Phil Flynn is writer of The Energy Report, a daily market commentary discussing oil, the Middle East, American government, economics, and their effects on the world's energies markets, as well as other commodity markets. Contact Mr. Flynn at (888) 264-5665
As if oil did not have enough reasons to rally. You had the Federal Reserve all but assure us that they were going to raise rates next month, and you had the U.S. break a gasoline demand record last week, and then you have Iran. Oil prices are spiking on a report that Iran has shot down a U.S. surveillance drone which Iran’s Revolutionary Guards claim was flying over southern Iran, but others are saying was in International waters. This event is raising fears Iran and the U.S. are headed towards a military confrontation that would have serious price consequences for energy. There is too much dangerous activity going on in the Strait of Hormuz, the world most important energy waterway.
Yet oil already had reasons to turn higher. Not only was data from the Energy Information Administration (EIA) supportive, you had the power of the most important central banker in the world saying they would act appropriately to keep the expansion going. In fact, the Fed signaled that they were very close to cutting rates yesterday.
Low interest rates will only feed U.S. oil demand, demand that is already showing signs of expanding. The EIA reported that implied U.S. gasoline demand hit 9.928 million b/d, the highest that figure has ever been recorded since the EIA began tracking it in 1991. A break in the gas price and a break in the bad weather helped fuel the gains. You can also credit record low unemployment as a driver for drivers. The prior record was set in the week ended August 24, 2018, when product supplied reached 9.899 million b/d.
Overall demand was also great making oil traders ask, what slowdown? The EIA reported total products supplied (demand) over the last four-week period averaged 20.7 million barrels per day, up by 1.8% from the same period last year. Over the past four weeks, motor gasoline product supplied averaged 9.7 million barrels per day, up by 2.0% from the same period last year. Distillate fuel product supplied averaged 4.0 million barrels per day over the past four weeks, up by 0.3% from the same period last year. Jet fuel product supplied was up 5.1% compared with the same four-week period last year. This will improve with low rates.

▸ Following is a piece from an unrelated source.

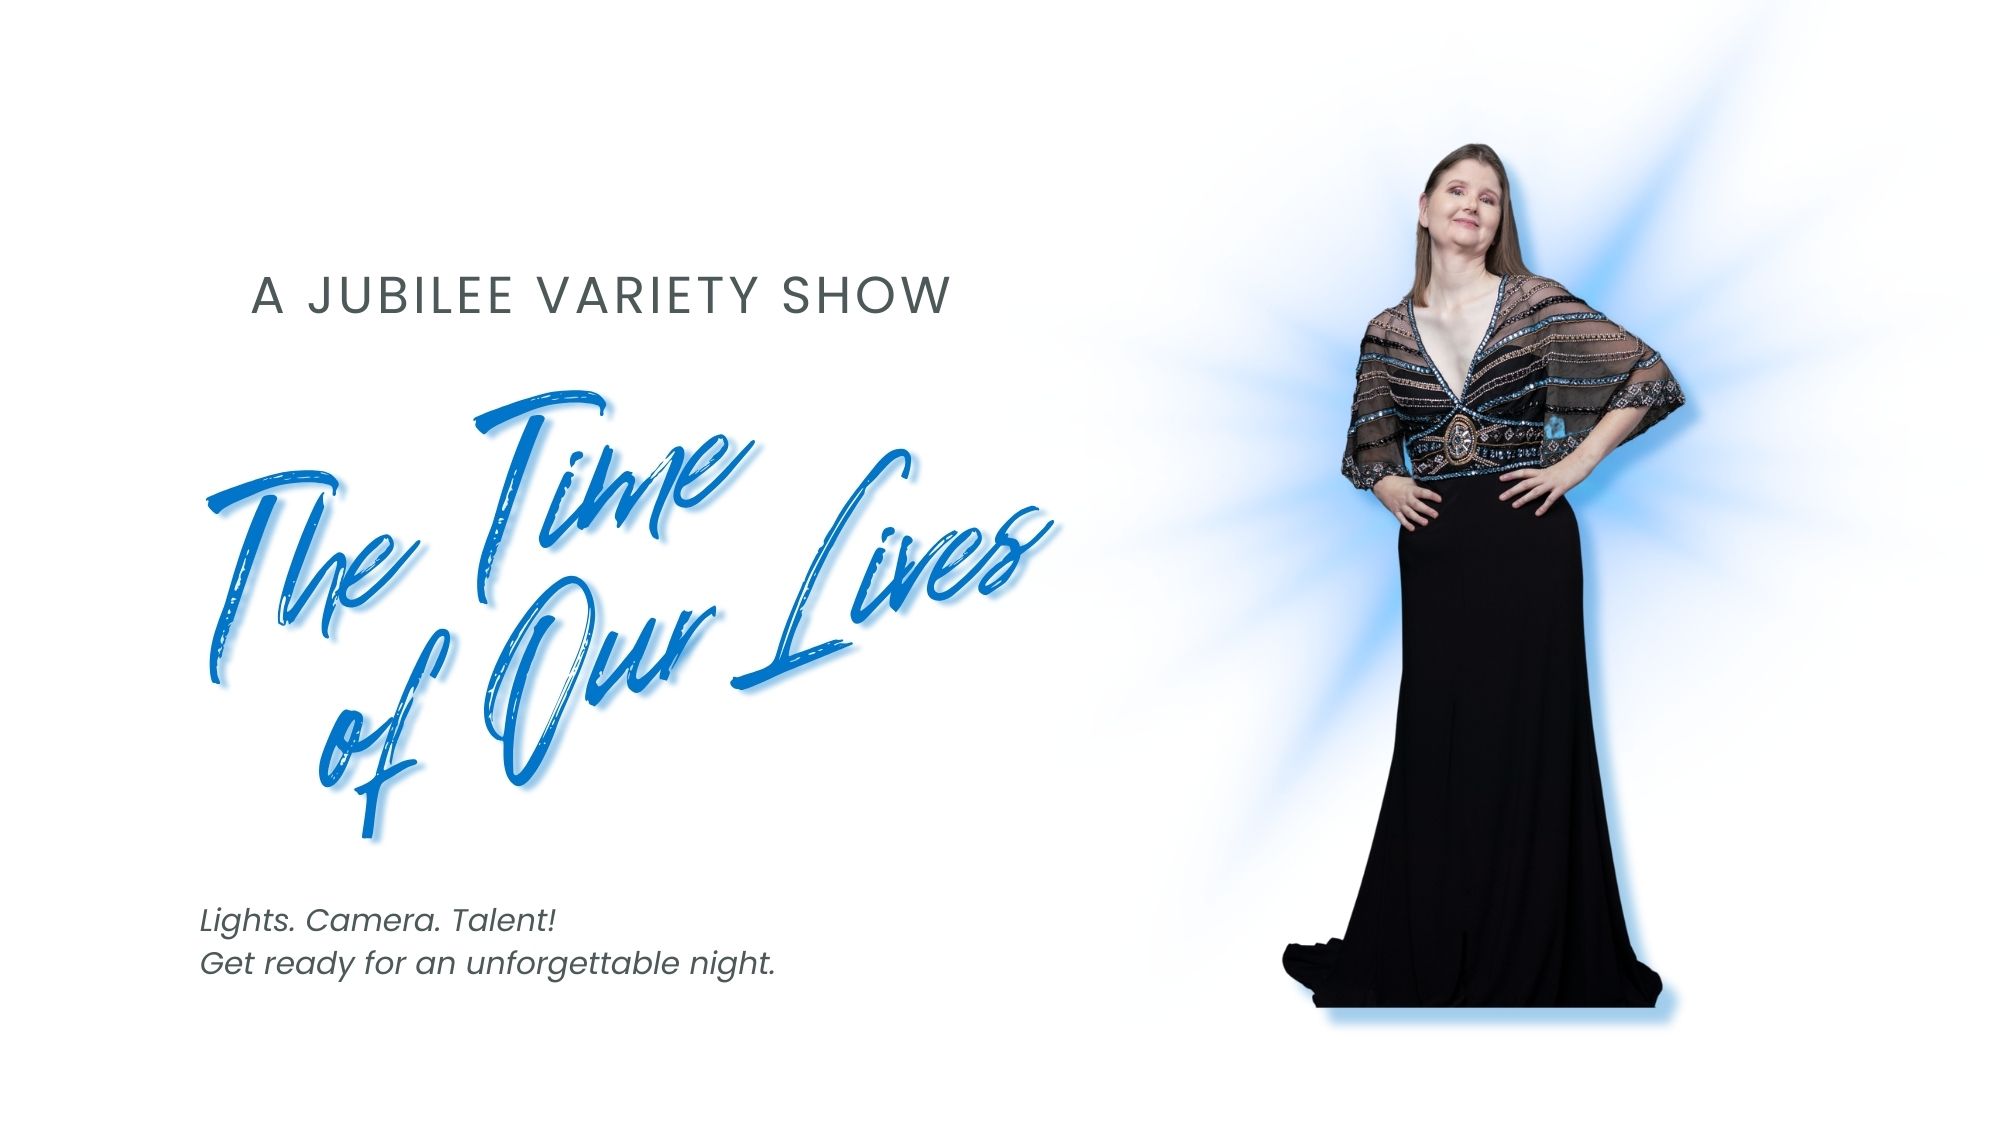 variety show flyer featuring woman in beautiful gown and tagline The Time of Our Lives

Low rates will also help the building sector. Already lumber has been screaming and many petroleum-based housing materials will also get a boost. Businesses that have been wary about the trade war will start to invest because this low rate environment is going to be too tempting to sit on your hands and let your competitor get a jump on you.
Natural gas prices are languishing near the lows as summer in the Midwest refuses to stay and power generation is weak. Yet low natural gas prices will spur demand over the long-term. The EIA reports that “Lower natural gas prices in recent years have spurred the construction of new natural gas-fired power plants in the United States. Of the new U.S. natural gas capacity added since 2016, 31% use advanced natural gas-fired combined-cycle (ANGCC) units. Greater use of the new, larger ANGCC designs has led to efficiency gains and economies of scale, which have resulted in reduced capital construction costs. These lower costs are likely to substantially increase ANGCC’s share of new U.S. natural gas capacity additions in future years.
Natural gas-fired combined-cycle generating technology has evolved over the past few decades. Generators have large, heavy-duty natural gas turbines that are defined by their firing temperatures and unit capacity ratings. Beginning in the early 1960s, 20-megawatt (MW) natural gas-fired turbines became available. By the mid-1980s, the highest natural gas-fired turbine rating reached 100 MW, and it had increased to 200 MW by the late 1990s. With firing temperatures that are more efficient, today’s ANGCC units are rated at 320 MW.”
For the record, the EIA reported that oil production dropped back to 12.2 million barrels a day. U.S. commercial crude oil inventories decreased by 3.1 million barrels from the previous week. At 482.4 million barrels, U.S. crude oil inventories are about 7% above the five-year average for this time of year. Total motor gasoline inventories decreased by 1.7 million barrels last week and are about 1% above the five-year average for this time of year. Finished gasoline and blending components inventories both decreased last week. Distillate fuel inventories decreased by 0.6 million barrels last week and are about 5% below the five-year average for this time of year.